## Case Study with the Iris dataset

![Iris Flowers](../../assets/images/iris.png)

### Iris Flower:
Iris is the family in the flower which contains the several species such as the iris.setosa, iris.versicolor, iris.virginica, etc.

## Imports

In [None]:
import pandas as pd
import matplotlib.pyplot as plt

## Load Data

In [None]:
df = pd.read_csv('../../../data-science-fall2019/data/Iris.csv')

# Set Id as Index
df.set_index('Id',inplace=True)

## Data Exploration

In [None]:
# View head
df.head(4)

In [None]:
# View tail
df.tail(4)

In [None]:
# View Info
df.info()

In [None]:
# View Describe
df.describe()

## Visualizing Data

#### Scatter plots for Petal Length for each species

In [None]:
# Isolate PetalLength & Species into a new dataframe
df_scatter = df[['PetalLengthCm', 'PetalWidthCm', 'Species']]

colors = ['red', 'orange', 'blue']
species = ['Setosa', 'Versicolor', 'Virginica']

for i in range(0, 3):    
    plt.scatter(        
        df_scatter['PetalWidthCm'],        
        df_scatter['PetalLengthCm'],
        color=colors[i],        
        alpha=0.2,        
        label=species[i]
    )
    
plt.xlabel('petal width (cm)')
plt.ylabel('petal length (cm)')
plt.title('Iris dataset: petal length vs petal width')
plt.legend(loc='lower right')

plt.show()

#### Pie Chart

In [None]:
# Set labels
labels = ['Setosa', 'Versicolor', 'Virginica']

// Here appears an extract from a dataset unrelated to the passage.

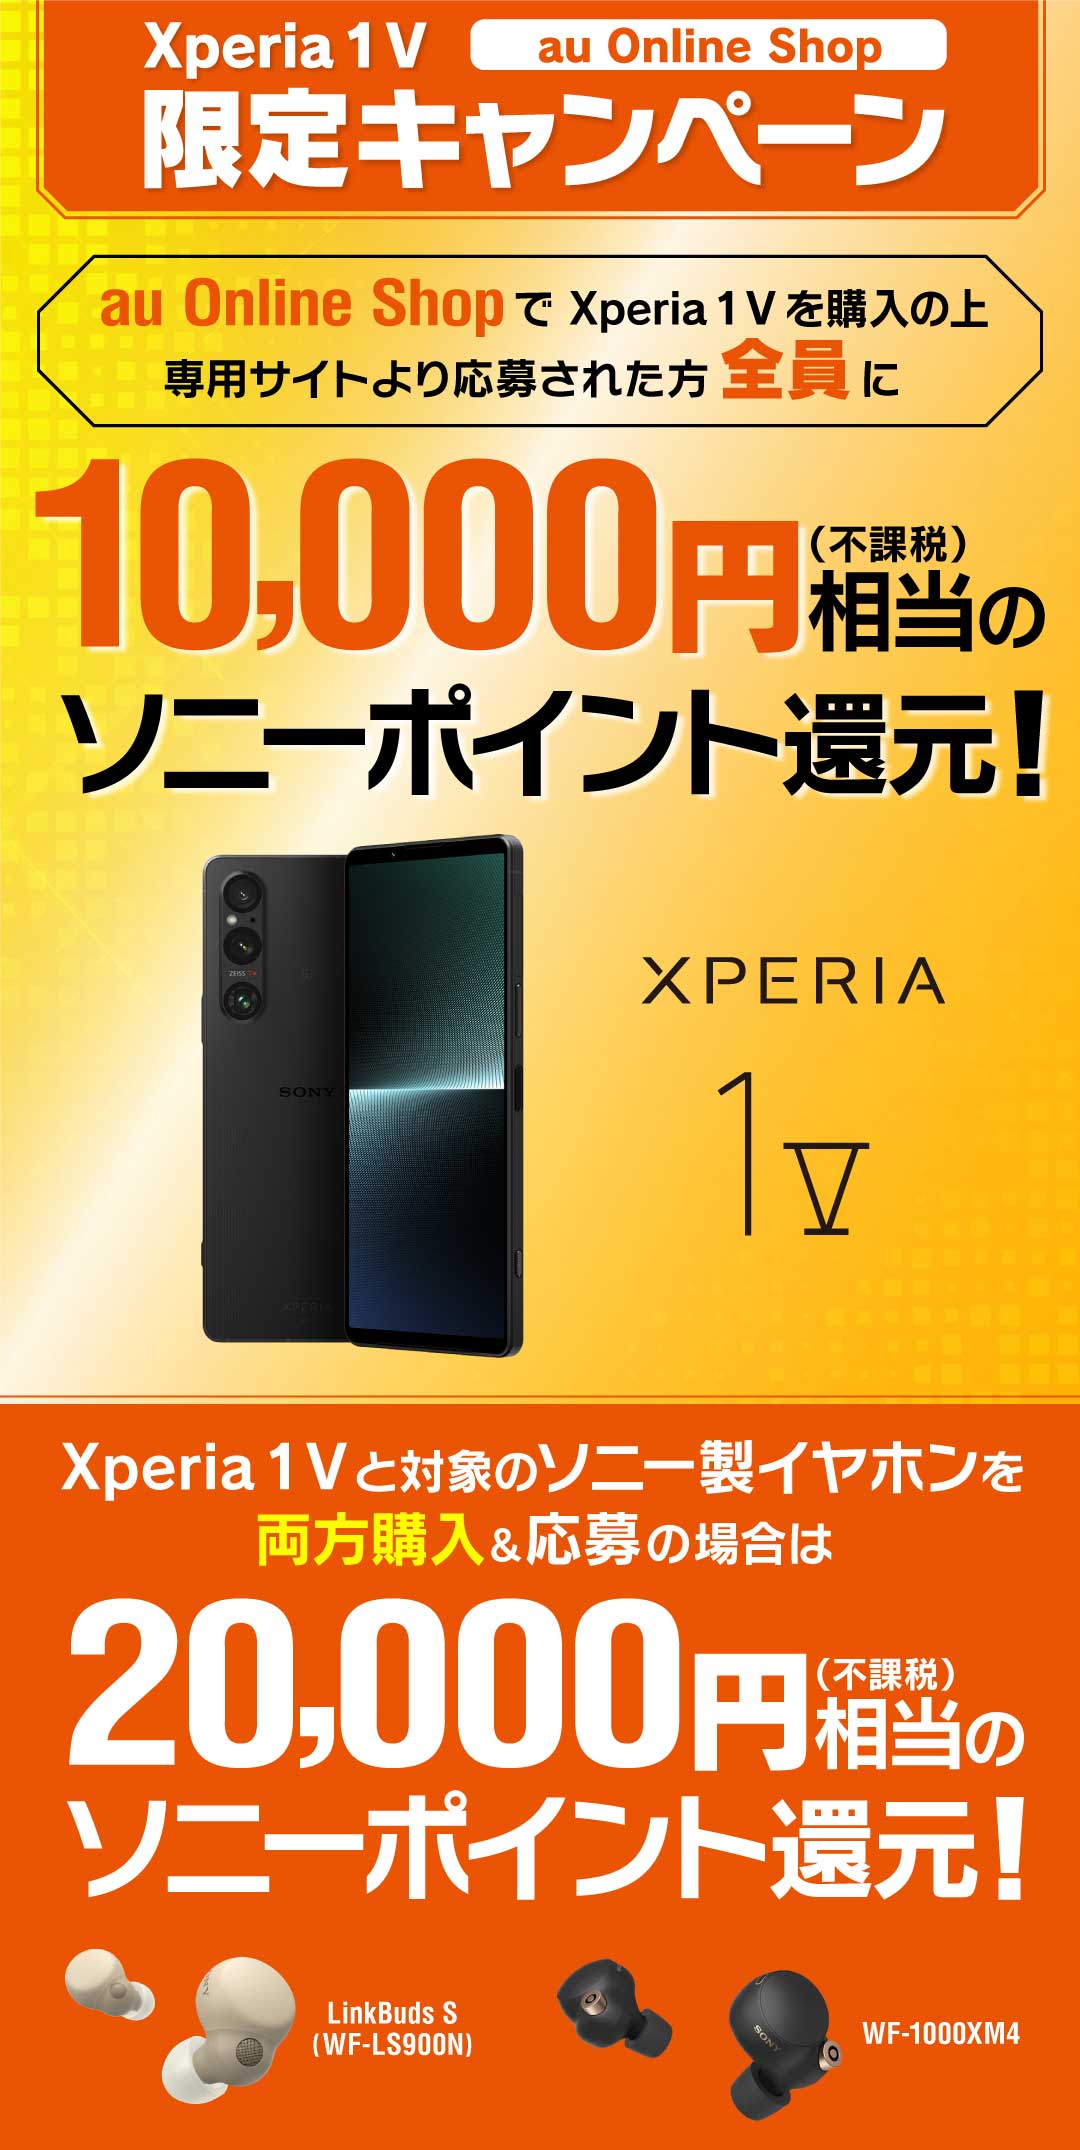 Xperia 1 V au Online Shop 限定キャンペーン au Online Shopで Xperia 1 V を購入の上、専用サイトより応募された方全員に10,000円(不課税)相当のソニーポイント還元！ Xperia 1 V と対象のソニー製イヤホンを両方購入＆応募の場合は 20,000円相当(不課税)のソニーポイント還元！ ※別途キャンペーンサイトへアクセスの上ご応募が必要です。

# Get counts using Pandas .value_counts()
sections = df['Species'].value_counts().tolist()

colors = ['c', 'g', 'y']

plt.pie(sections, labels=labels, colors=colors,
        startangle=90,
        explode = (0.02, 0.02, 0.02), # specifies the fraction of the radius with which to offset each wedge
        autopct = '%1.1f%%') # used to label the wedges with their numeric value

title_obj = plt.title("IRIS Count by Species")
plt.setp(title_obj, color='black') 
plt.show()



#### Boxplots for Petal Length for each species

In [None]:
# Isolate PetalLength & Species into a new dataframe
petal_length = df[['PetalLengthCm', 'Species']]

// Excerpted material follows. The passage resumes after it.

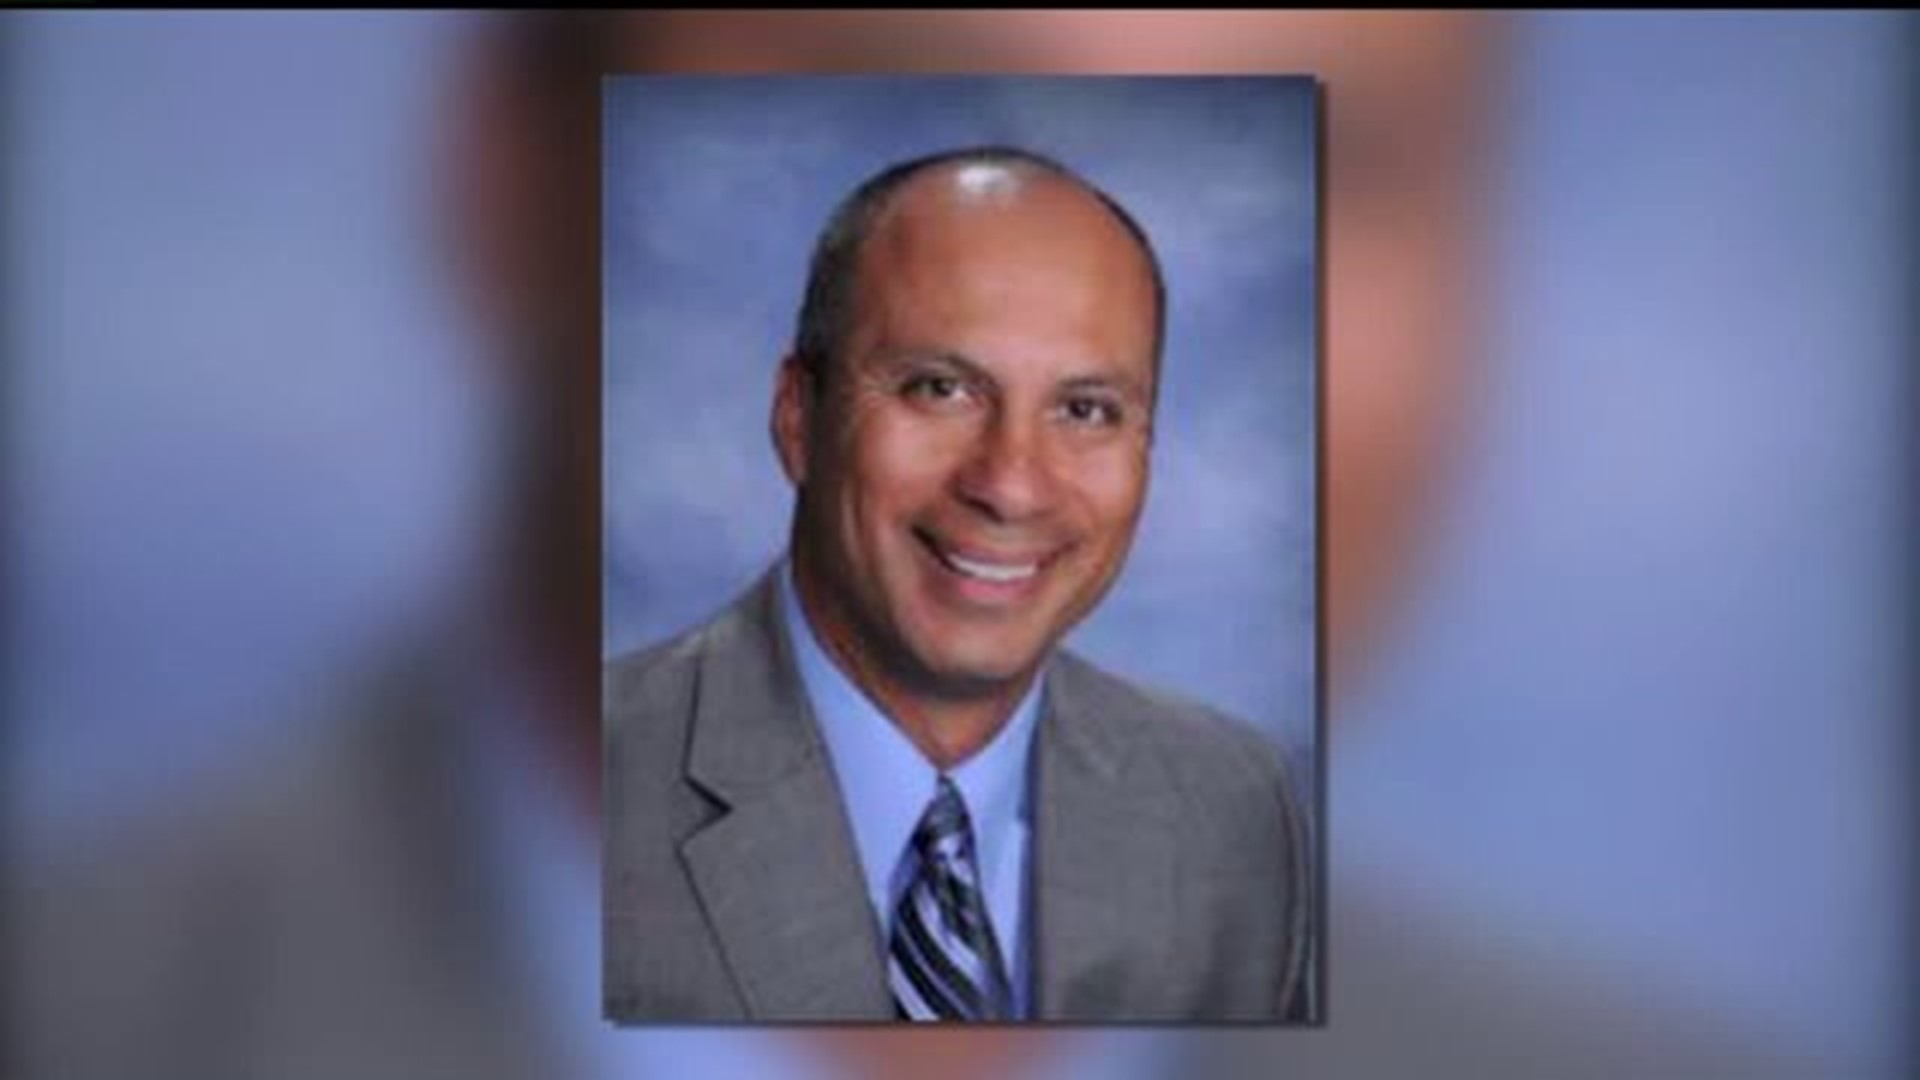 Bettendorf High School Principal Resigns

# Review its head, shape and info
print('Shape = {}\n'.format(petal_length.shape))

print('Info = {}\n'.format(petal_length.info()))

petal_length.head()

In [None]:
# Save the new dataframe you created
petal_length.to_csv('boxplot_example.csv', index=None)

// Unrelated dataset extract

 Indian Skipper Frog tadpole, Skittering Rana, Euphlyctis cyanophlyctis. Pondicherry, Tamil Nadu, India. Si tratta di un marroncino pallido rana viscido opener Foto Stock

# Create a new dataframe for setosa
setosa = petal_length["Species"].isin(['Iris-setosa']) 
df_setosa = petal_length[setosa]

# Plot setosa boxplot
plt.figure(figsize = (10, 7)) 
plt.title('Iris-setosa')
df_setosa.boxplot()

# Create a new dataframe for versicolor
versicolor = petal_length["Species"].isin(['Iris-versicolor']) 
df_versicolor = petal_length[versicolor]

# Plot versicolor boxplot
plt.figure(figsize = (10, 7)) 
plt.title('Iris-versicolor')
df_versicolor.boxplot()

# Create a new dataframe for virginica
virginica = petal_length["Species"].isin(['Iris-virginica']) 
df_virginica = petal_length[virginica]

# Plot virginica boxplot
plt.figure(figsize = (10, 7)) 
plt.title('Iris-virginica')
df_virginica.boxplot()

#### Histograms for Petal Length with 13 bins, 3 bins and 25 bins

In [None]:
# Create list with bin values
bins = [13, 3, 25]

# Loop thru bins
for bin in bins:
    plt.figure(figsize = (10, 7)) 
    x = df.PetalLengthCm 

    plt.hist(x, bins = bin, color = "green") 
    plt.title("Petal Length in cm") 
    plt.xlabel("Petal_Length_cm") 
    plt.ylabel("Count") 

    plt.show()